Conversion optimization is an important exercise for ecommerce sites. But testing every little thing on your website can do more harm than good if it’s not done strategically.

With that in mind, we’ve outlined how and why you should run 3 particularly important A/B tests this year.

 

Before You Start

Before you get started there are a couple things to keep in mind when A/B testing. First, make sure you can get statistically significant data. If you don’t have a huge amount of traffic, you just need to make sure to let the test run for long enough to get a large sample of data. VMO has a test duration calculator to help you get an idea of how long a test should run for as well as a statistical significance calculator.

Second, keep it simple. While large sites with huge amounts of traffic and sophisticated software can conduct largescale multivariate tests, the vast majority of businesses are better off with smaller scale A/B tests. Not only are smaller scale tests easier to pull off, but you also get results faster so you can prove your hypothesis sooner.

 

Images on Your Product Pages

Images can help a product page better resonate with visitors, but have you tested how different pictures impact conversions? Is it better to have images of just your product or someone wearing/using it?

If it turns out that having a model is best, then go a step further and test different models and different poses. The Adore Me CEO says that they test different product images for each bra they sell, and that slightly different poses have doubled sales for some products.

 

 

Next, test the size of your images.
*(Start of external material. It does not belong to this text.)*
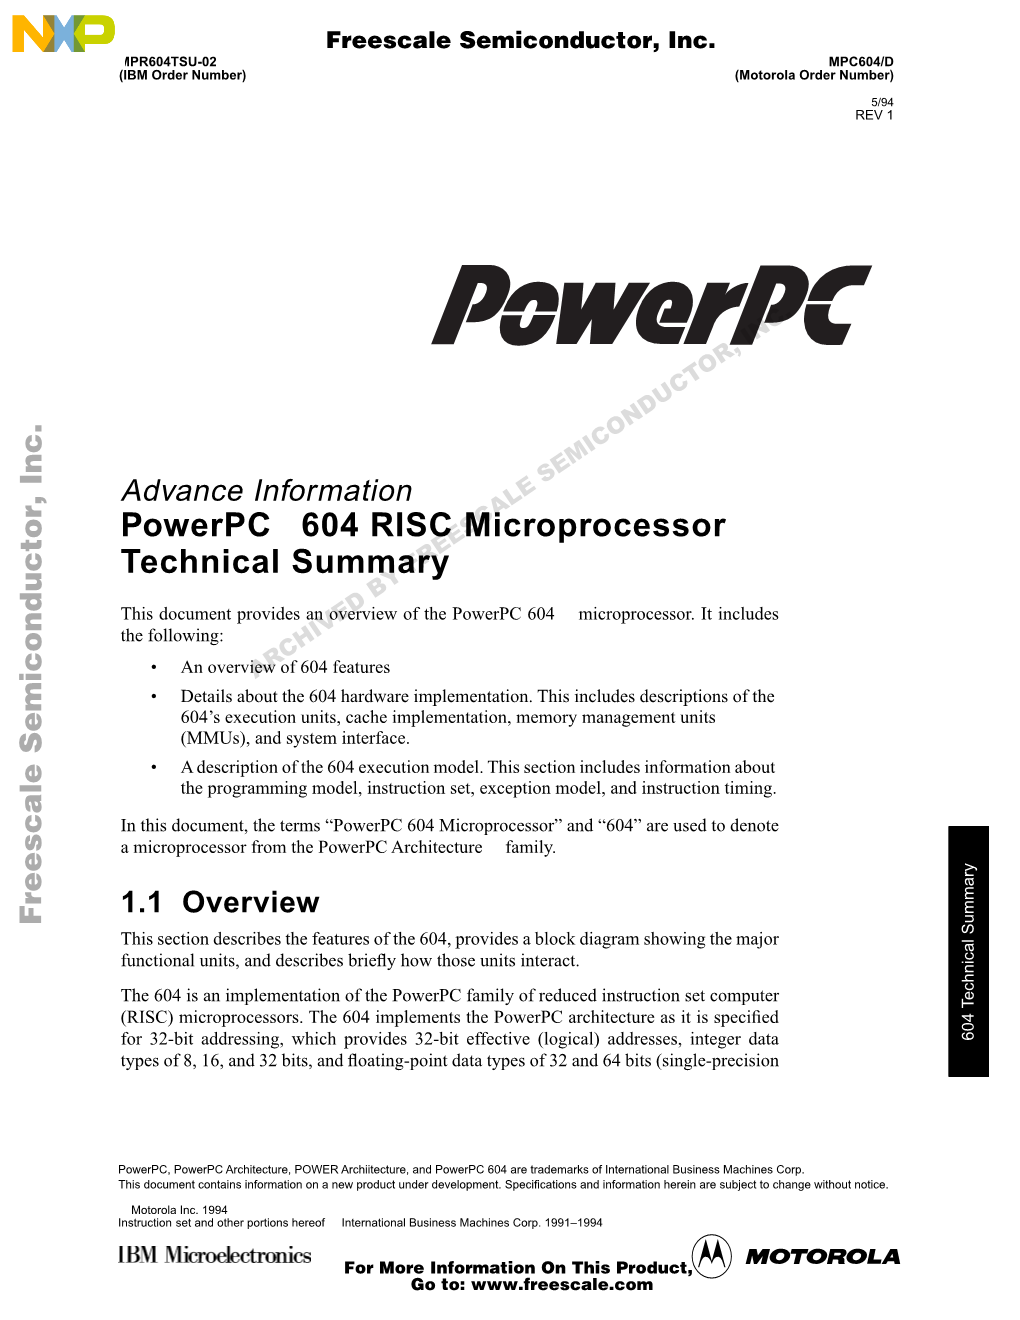 Powerpc™ 604 RISC Microprocessor Technical Summary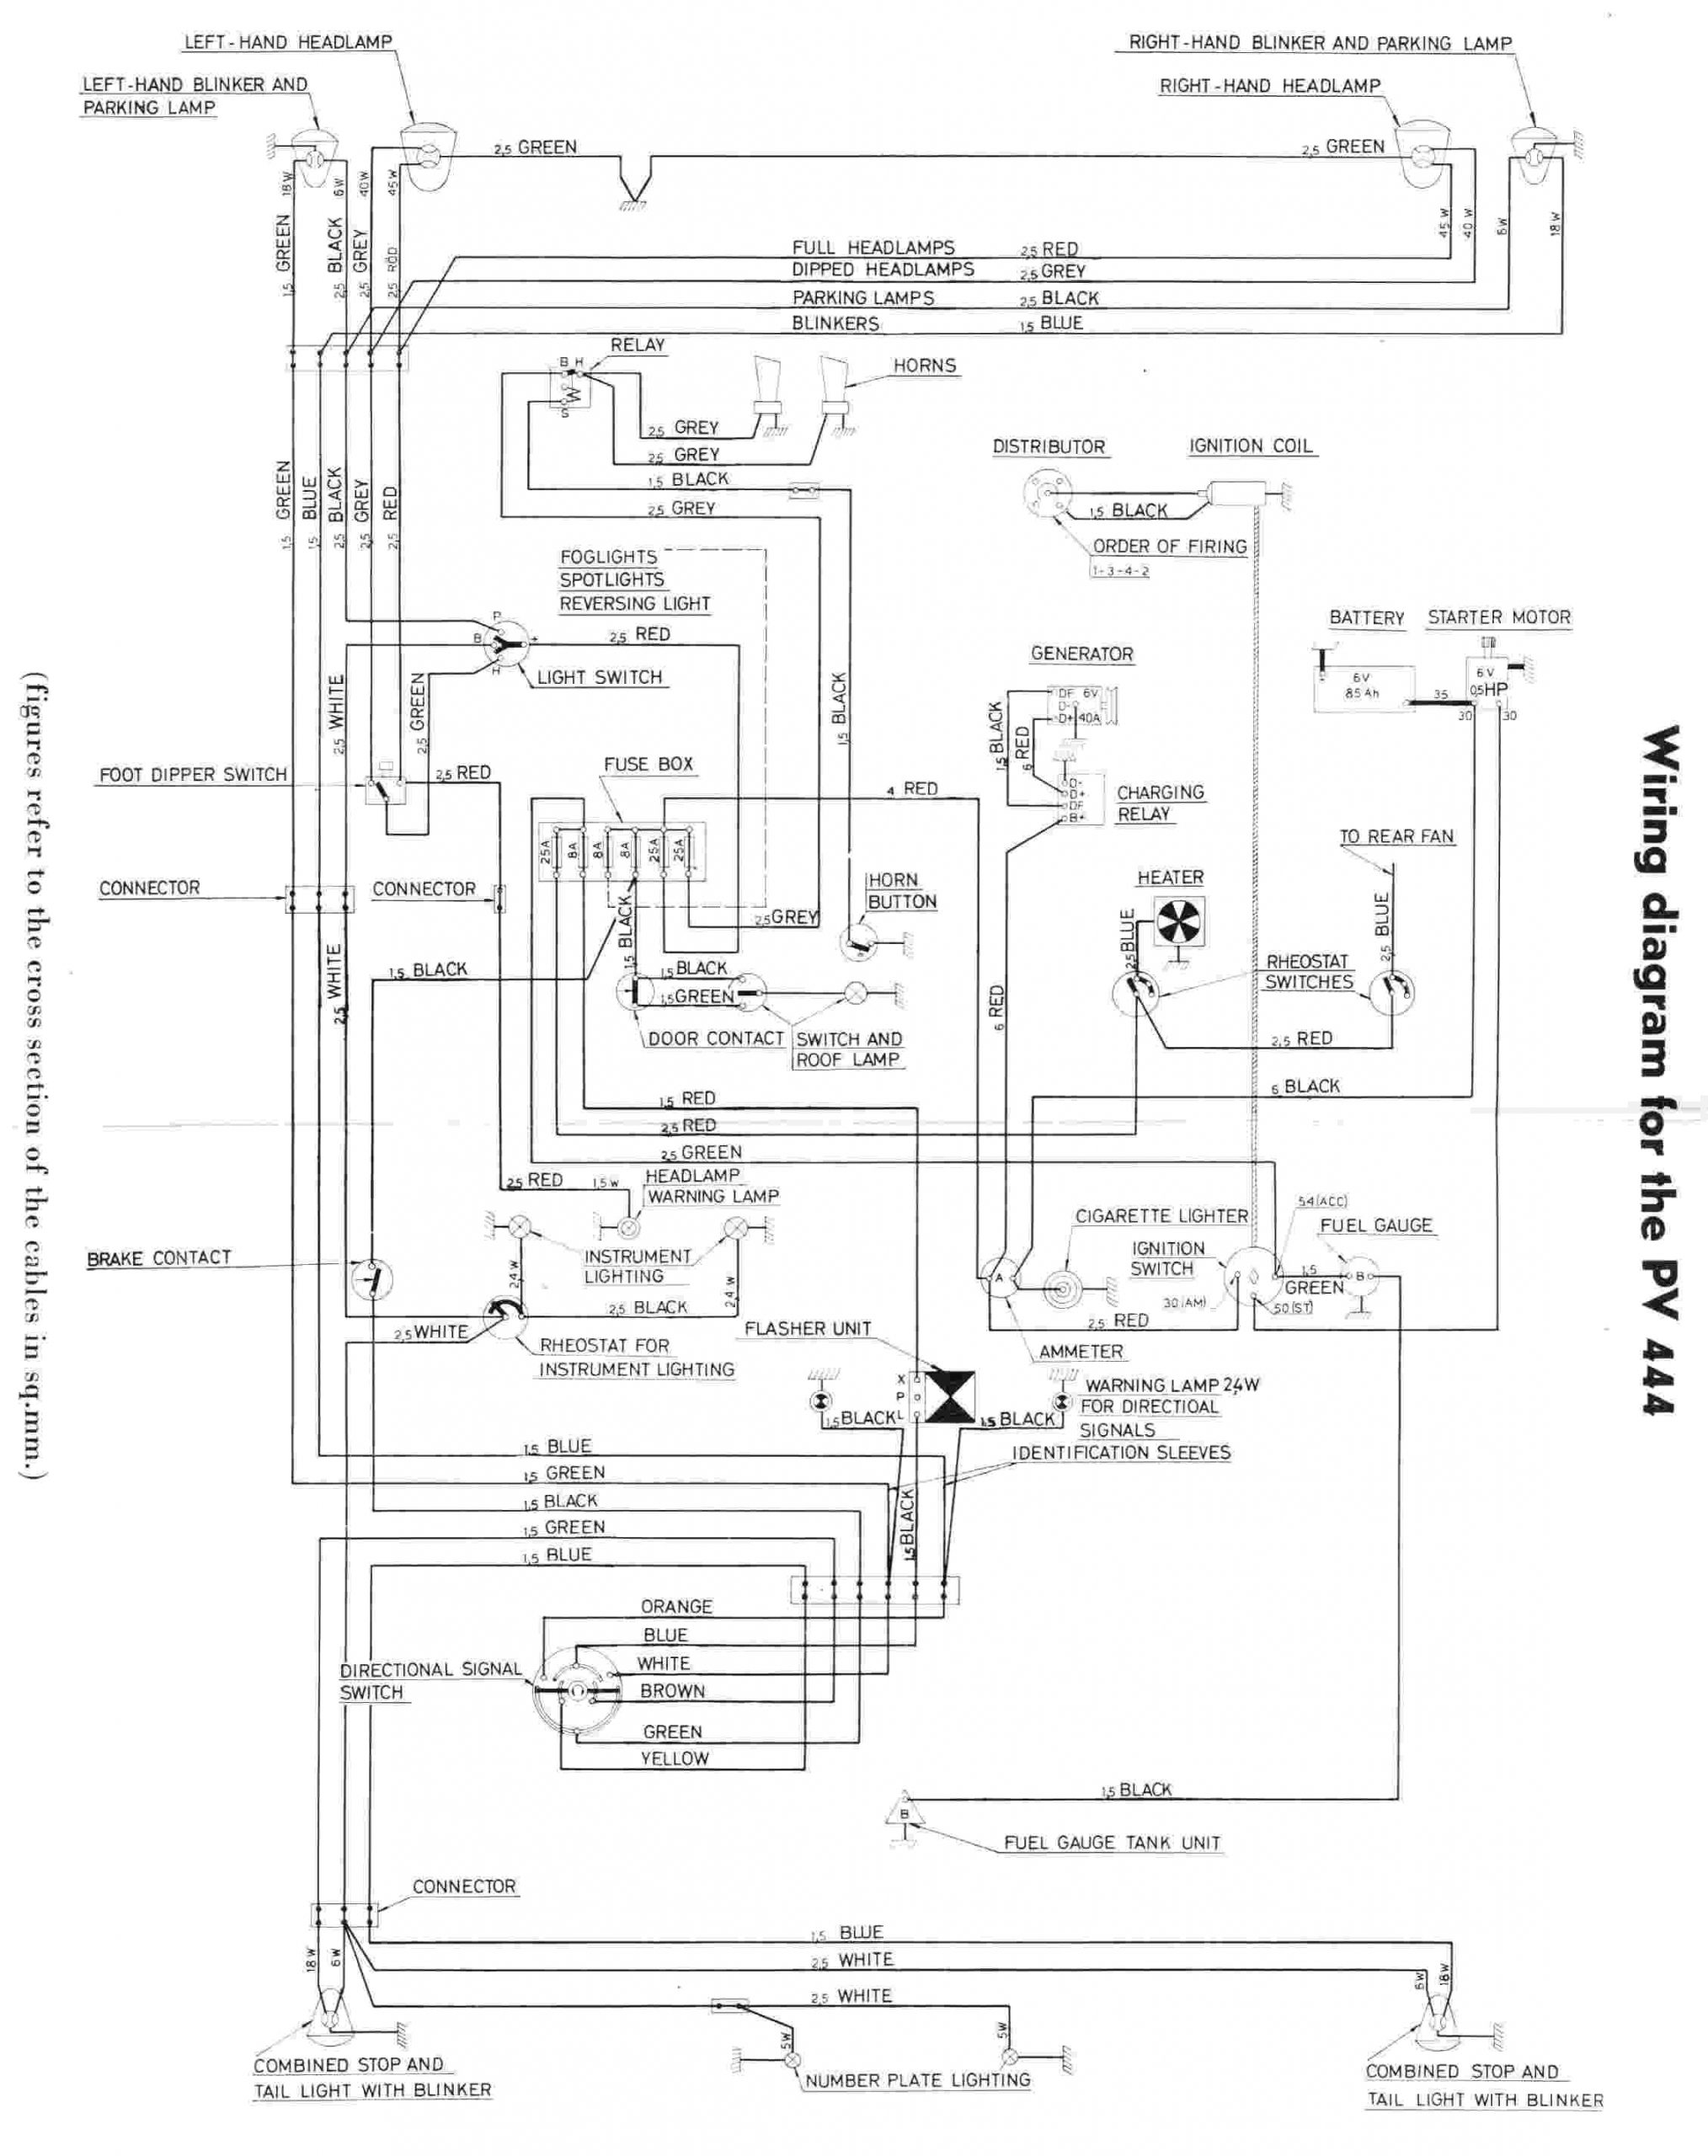 Volvo Hybrid Electrical Wiring Diagram Volvo - Car Pdf Manual, Wiring Diagram & Fault Codes Dtc

Data suggests that larger product images increases conversions, but run a test to make sure.

 

Filters

Filters are a great way to improve the user experience and help shoppers find the products they are interested in; however, they also represent a good opportunity for testing.

User testing by the Baynard Institute found that filters can often get overlooked or mistaken for sorting tools (rather than filters). An improvement they suggest testing is a change from the typical left-vertical filtering bar to a horizontal filtering bar, like the one shown below.

 

 

When you’re running the A/B test, compare the number of times that products get added to a cart. If a horizontal bar results in more adds overall, then it probably does a better job of helping shoppers find what they are looking for.

Another filtering technique to A/B test is the use of thematic filters. Thematic filters limit product selections to a particular theme, so rather than simply having customer sort by jackets it would allow them to choose between winter jackets, spring jackets, and so on.

Macy’s does a particularly good job of thematic filtering, and for example, allows women to filter by dress occasion. Such as party dresses or wear to work.

 

Post-Purchase Emails

Post purchase emails are a great way to keep the conversation going with your customers, but they also have huge potential to drive additional sales. Given the importance of post-purchase emails it makes sense to test how different offerings can impact their performance.

First, try testing an entirely different style of email. If you send customers a thank you message, then test the impact of sending a product recommendation email or product review email.

Another good test for post purchase emails is how your customers respond to different coupons and discounts. Do you get more repeat purchases from sending customers a coupon for 10% off or $10 off?

 

It’s All About Context

Of course, this wouldn’t be an optimization post without the obligatory: what works for one business may not work for the next. There are several factors that play into the results of an A/B test, and that means the best way to make meaningful improvements on your own site is by continually testing it. Just because one business found a lift in conversions from an orange button, doesn’t mean your blue button is no good.

Another point to keep in mind is that 7 out of 8 tests don’t result in any type of considerable change. Most tests will lead to changes of plus or minus 5%, but as Peep Laja puts it, “it’s about incremental gains, as, at the end, all improvements will add up.”